Iraqi Oil Law Stalls Over the Summer
At last some good news from Baghdad. The Iraqi parliament has gone into summer recess without passing Iraq’s controversial and flawed oil law.
Bush must be irritated, since passage of the law was billed as a “benchmark” in its battle to get Congress not to set a timetable for US troop withdrawals.
The Guardian reports that the “real reason why the Bush administration wanted the oil law rushed through was that it feared public discussion, and was worried that the more people understood what the law entails, the greater the chances of its defeat. Key parties in the Iraqi parliament oppose it, including the main Sunni party – which this week withdrew from government – as well as the Shia Sadrists and Fadhila.”

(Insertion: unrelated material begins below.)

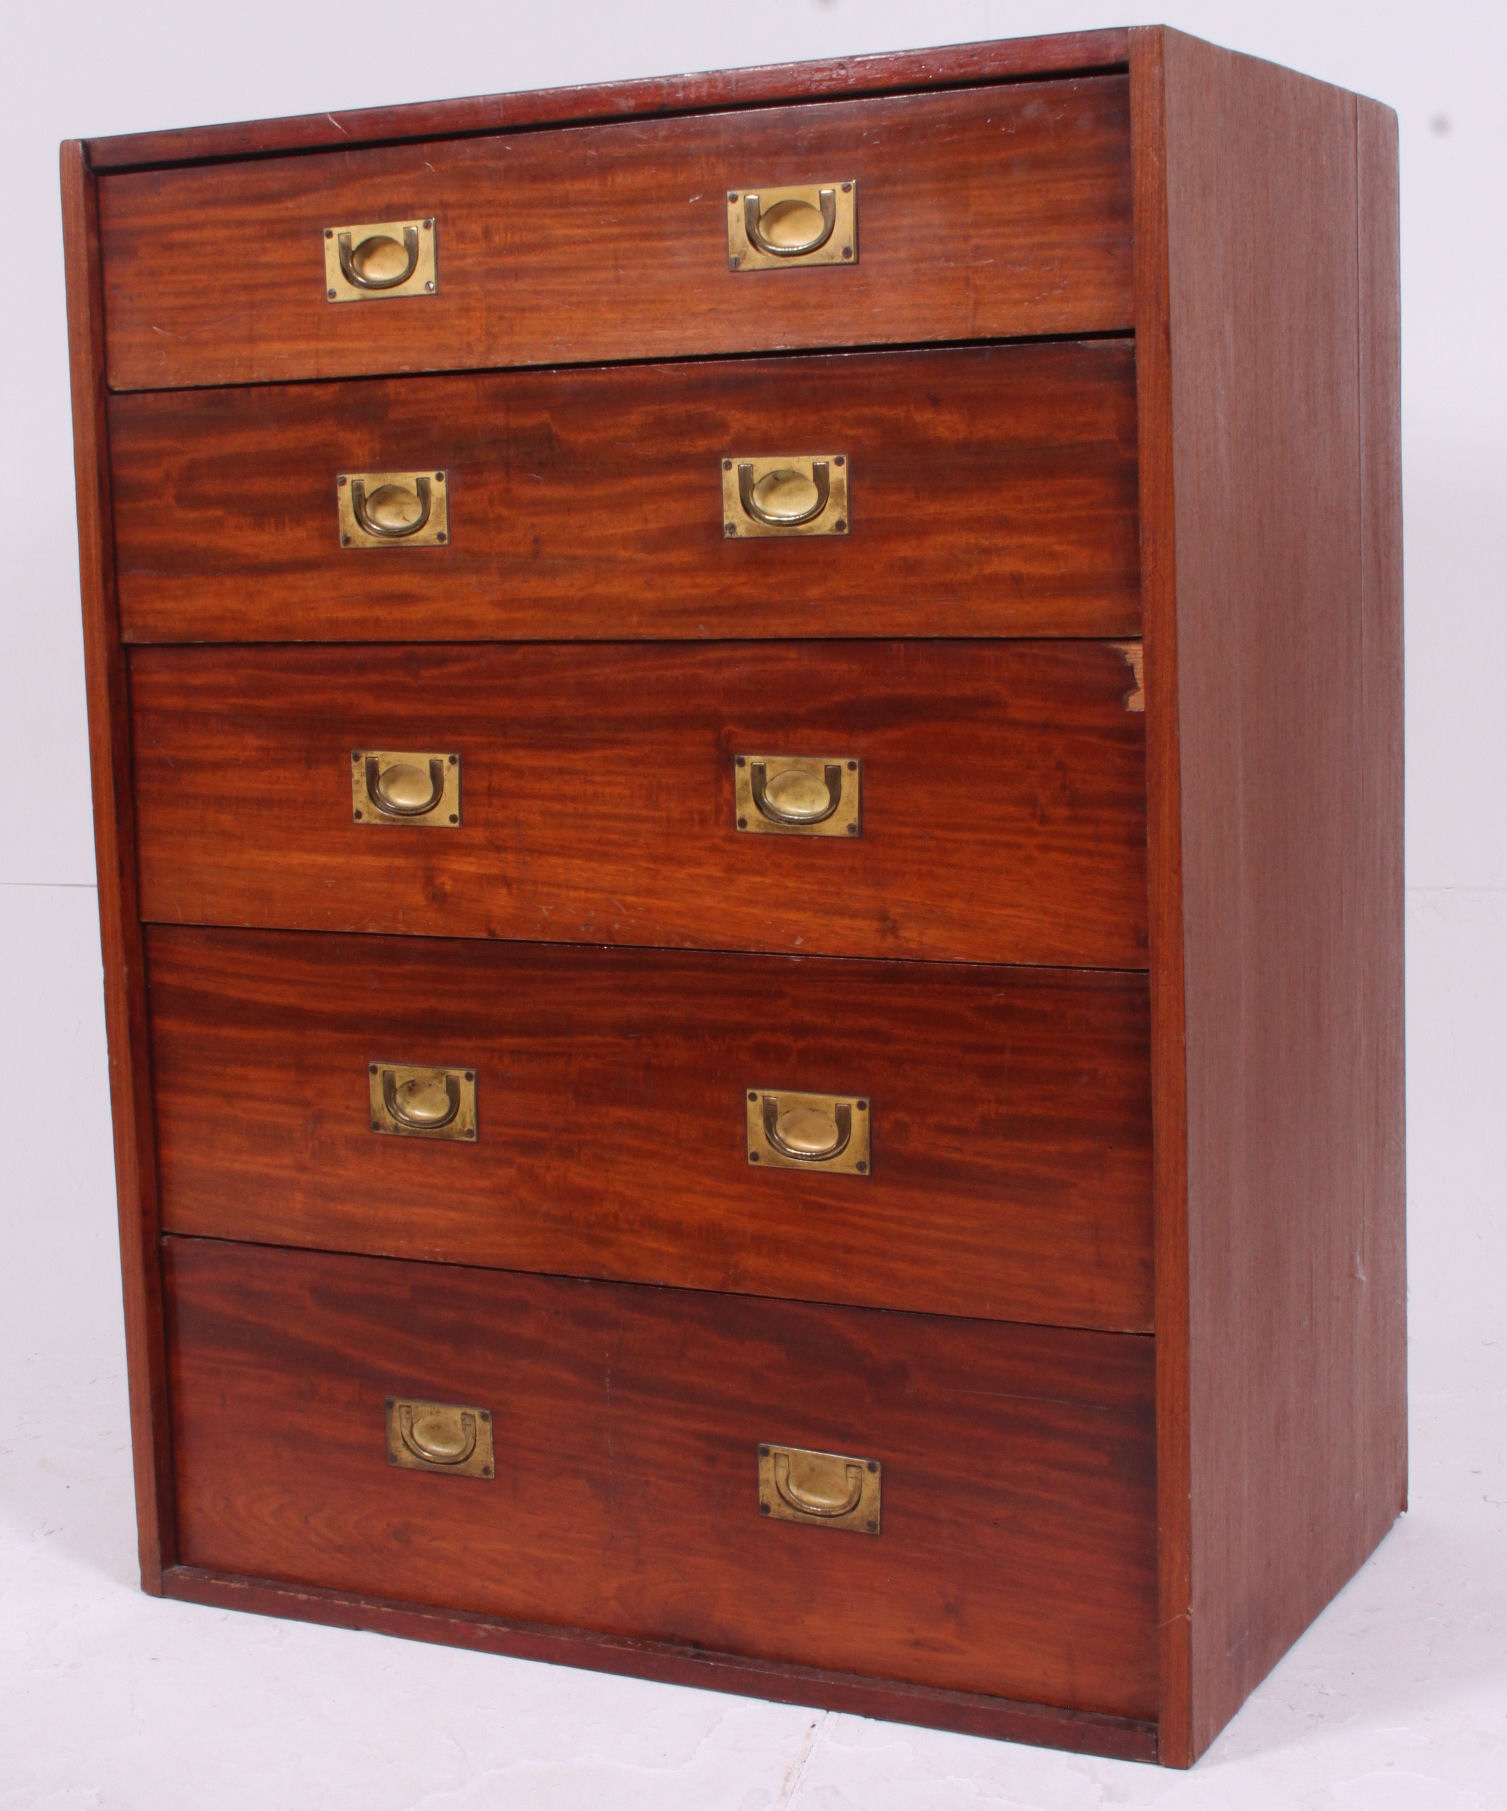 A good quality 1940's teak wood campaign style chest of drawers.

Confirming Iraqis suspected opinions of the oil law, Oil Change International and others released a poll that shows Iraqi opposition to foreign investment by a factor of two to one.
Washington has promoted the law as a “reconciliation” issue, claiming its early passage would show that Iraq’s ethnic and sectarian communities could share revenues on a fair basis. But this is a trick. Only one of the law’s 43 articles mentions revenue-sharing, and then just to say that a separate “federal revenue law” will decide its distribution. The first draft of this other law only appeared in June, and it is clearly unreasonable to expect the Iraqi parliament to pass it in less than two months.
As we have repeatedly warned the oil law would set the arrangements for foreign companies to operate in Iraq’s oil sector. The Guardian quotes Greg Muttitt, from UK -based Platform, warning that the Iraq oil and gas law could “sign away Iraq’s future”. Greg says: “The law is permissive. All of Iraq’s unexploited and as yet unknown reserves, which could amount to between 100bn and 200bn barrels, would go to foreign companies.”
No wonder Bush’s key benchmark has stalled, possibly for good. Something else for the President to worry about on his holiday.